Кухня поставляла несчетное количество пахучих блюд. Та суматоха, что была в других местах, совершенно не доходила до ее апартаментов. Не говоря уже о внутреннем садике, исполненном бесконечного очарования со своими розами и оградой из апельсиновых деревьев.
Единственно, на что можно было бы пожаловаться, так это на то, что организация быта совершенно ускользала от нее. Она сочла бы вполне естественным взять на себя какие-нибудь обязанности, но никто не просил ее об этом, даже Менсур.
Она сделала из этого вывод, что в ней не нуждались, и в первый раз почувствовала себя иностранкой.
Лорин не стала настаивать, так как ей надо было переделать миллион куда более интересных вещей. Прежде всего с головой уйти в свою работу, но здесь ее также ожидало некоторое разочарование.
После первых дней, пролетевших в переходах от званых коктейлей к приемам, она очень скоро оказалась в одиночестве перед лицом обязанностей, которые потребовали от нее значительную часть времени.
Менсур носился по городу в компании своих сотрудников. Вначале она упорно преследовала его. Жара и желание остаться незамеченной подтолкнули ее к ношению женского костюма коренного населения: саруал из легкой ткани и туника с длинными рукавами. Менсур ввел ее в деловые круги, но вскоре она вынуждена была признать, что почти не внушала к себе доверия. К ней избегали обращаться по любым важным вопросам. В течение нескольких дней она даже стала предметом некоторой враждебности.

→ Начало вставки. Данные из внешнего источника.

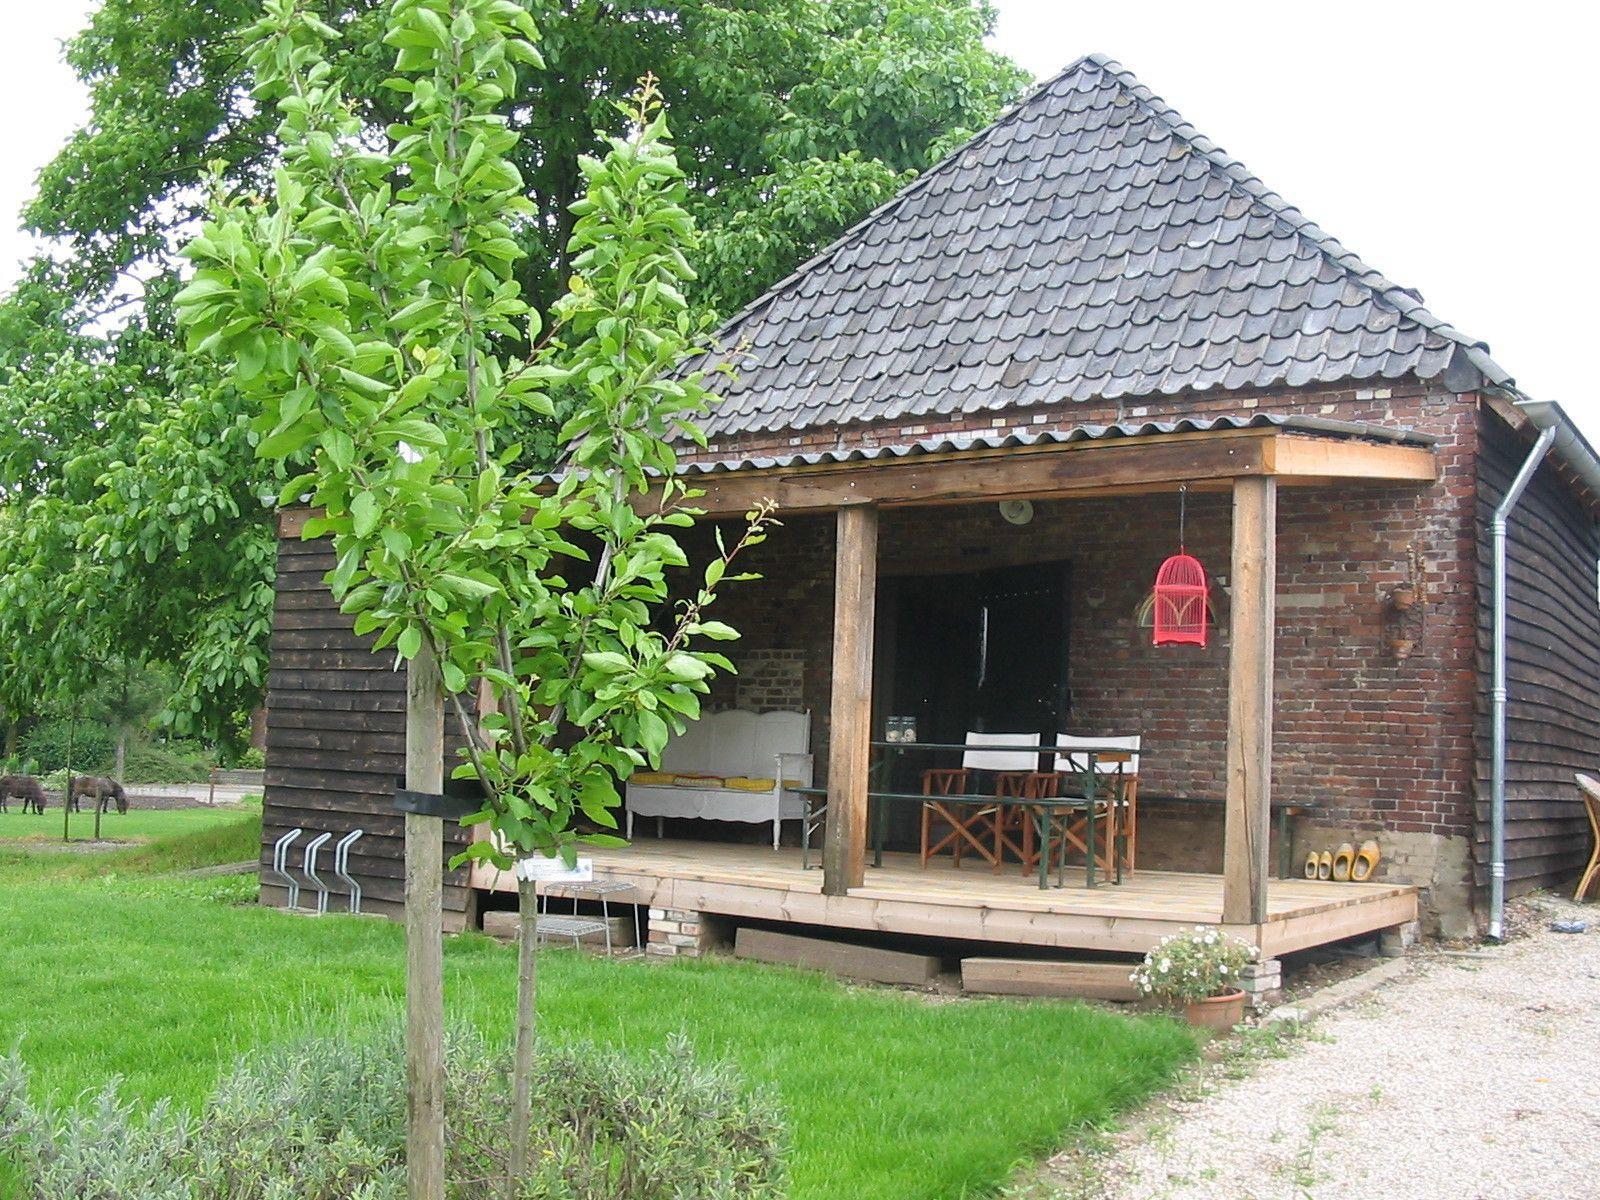 Ratelpopulier 't Achterhuis - vakantiehuis Gelderland

Занять свое место представлялось делом нелегким.
В обеденный час они неизбежно венчались с Салимой, пустяковая болтовня которой, насколько она улавливала смысл, действовала на нервы.
С наступлением вечера одна и та же сцена повторялась изо дня в день: за столом собиралось множество людей, большинство которых ей были незнакомы.
Вскоре она заметила, что постоянно была единственной присутствовавшей там женщиной. Те редкие жены, которые сопровождали своих мужей, сразу исчезали, едва прибыв, в апартаментах Салимы, где она вместе с Фозией держала дамский салон.
До настоящего момента у Лорин никогда не появлялось желания присоединиться к их встречам, настолько их интересы разнились.
С этого времени вечера казались ей все более и более долгими. Споры мужчин продолжались за полночь, да и ей самой было трудно не клевать носом. Не ощущая себя комфортно ни в том, ни в другом случае, она приняла решение уходить ложиться спать очень рано.
Чтобы затушевать свою досаду и скрыть свою растерянность, она принялась есть больше обычного, предпочитая прежде всего фисташки, курагу, а также нугу. Настоящая нуга была истинным лакомством. Чего бы только она не отдала за эту смесь меда, миндальной пастилы и кристаллического сахара, начиненную фисташками и лесным орехом.
Когда же она исчерпала эти радости гурманства, то вновь погрязла в той угрюмой апатии, в которой уже известные, бесконечно скучные обязанности тянулись своей чередой.
И теперь она, та, что боялась жизни слишком спокойной и без задоринок, видела свою собственную жизнь окрашенной в серые тона, протекающей в рамках, установленных традицией и обстоятельствами.
Что до Менсура, поглощенного своими занятиями и устремленного к успеху, то его было совершенно невозможно застать свободным, и она видела его лишь изредка.
Много раз в часы после полудня она надеялась, что время сиесты соединит их вновь, но ожидала она этого напрасно.
Весь в работе, чувствуя себя уютно в своем большом доме среди родственников и друзей, он отдавался с пылким влечением новому делу, перенося на проекты тот интерес, который раньше проявлял к своей жене.
Там, где она когда-то усматривала лишь желание идти впереди других, она вскоре обнаружила амбиции, о которых и не подозревала. До этого момента Менсур жил, никому не подчиняясь, отныне же ему было необходимо подчинить мир своим требованиям. Причем он был из тех, кто ищет славу и успех скорее из-за радости борьбы, нежели ради выгоды, которую получает.
Эта предрасположенность характера казалась ей опасной. Она понимала его чаяния, но страдала от того, что он держал ее в стороне. Обширная программа, которую он для себя определил, требовала, по его понятиям, полной самоотдачи. Она очень сожалела об этом. Между тем, испытав приступ лихорадки, столь неожиданный, сколь и сильный, Менсур вынужден был слечь в постель. Находясь в мрачном расположении духа, он не хотел никого принимать.